Contribution of obesity and cardiometabolic risk factors in patients with cardiovascular disease: A population based cohort study
The mechanisms linking adiposity to associated clinical conditions such as type 2 diabetes, cardiovascular disease, and related metabolic and inflammatory disturbances. are poorly understood.This study aimed to identify sex-specific direct and indirect effects of central and general adiposity on cardiovascular disease, mediated by cardiometabolic risk factors and how much is independent of these factors.
We analyzed data from the TLGS cohort study with 6280 participants aged ≥ 30 years, free of cardiovascular disease at baseline with a median follow-up of 13.9 years. The total effects were broken down into natural direct and indirect effects using a 2-stage regression model in the context of the survival model. We also calculated the proportion mediated by systolic blood pressure, total serum cholesterol, and fasting plasma glucose as mediators.

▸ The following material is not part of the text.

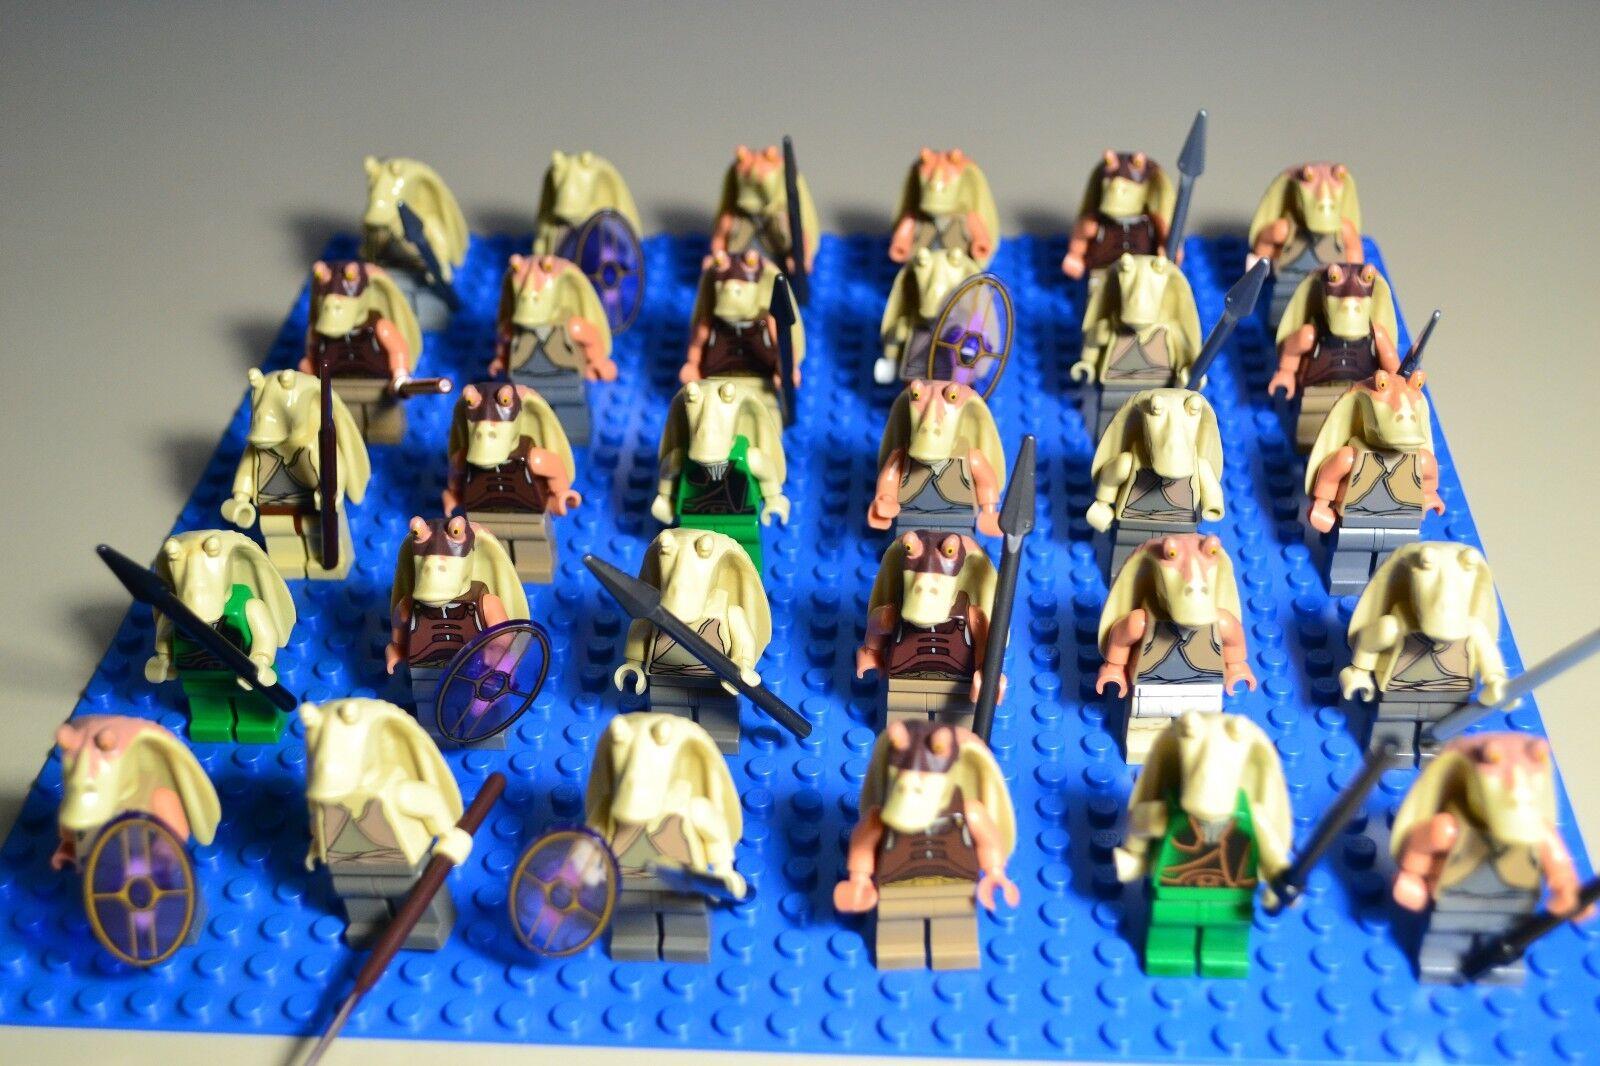 LEGO Star Wars Jar Jar Binks Minifigure Lot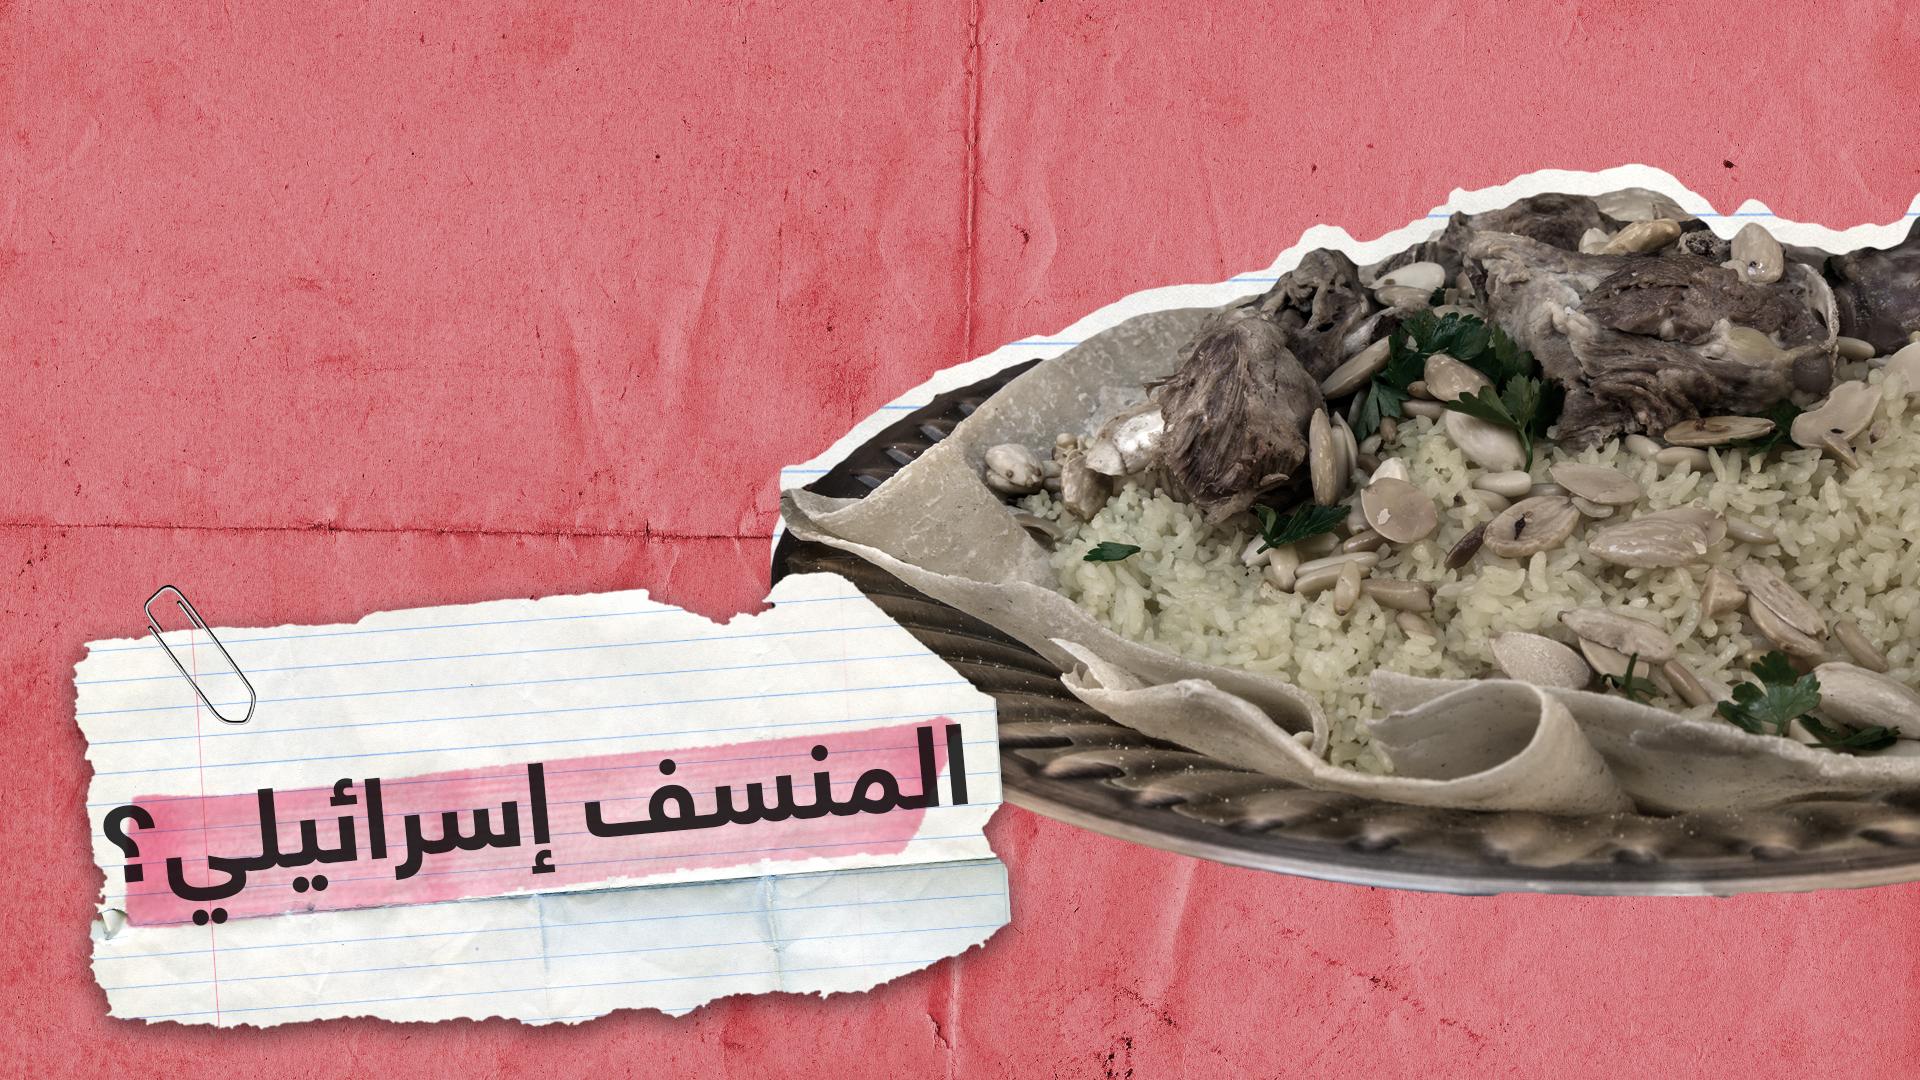 المنسف والمسخن إسرائيليان؟.. جدل بسبب تغريدة ناشط إماراتي

There was no interaction between BMI and its mediators in the multiplicative scale (P > 0.05 for all). Blood pressure was the most important mediator for general (HRNIE: 1.11, 95% CI:1.17–1.24) and central obesity (HRNIE: 1.11, 95% CI:1.07–1.15) with proportion mediated of 60% and 36% respectively in the total population. The percentage mediated through all three metabolic risk factors together was 46% (95% confidence interval = 31%-75%) for overweight, 66% (45%-100%) for general obesity and 52% (39%-87%) for central obesity. Blood pressure was the most important mediator for overweight and central adiposity in male population with 29% and 36% proportion mediated respectively while in female population percentage mediated through all three metabolic risk factors together was 23% (95% confidence interval = 13%-50%) for overweight, 36% (21%-64%) for general obesity and 52% (39%-87%) for central obesity.
Metabolic mediators explain more than 60% of the adverse effects of high BMI on CVD in the male population. Also, managing these metabolic mediators in women does not effectively contribute to reducing CVD risks without decreasing weight.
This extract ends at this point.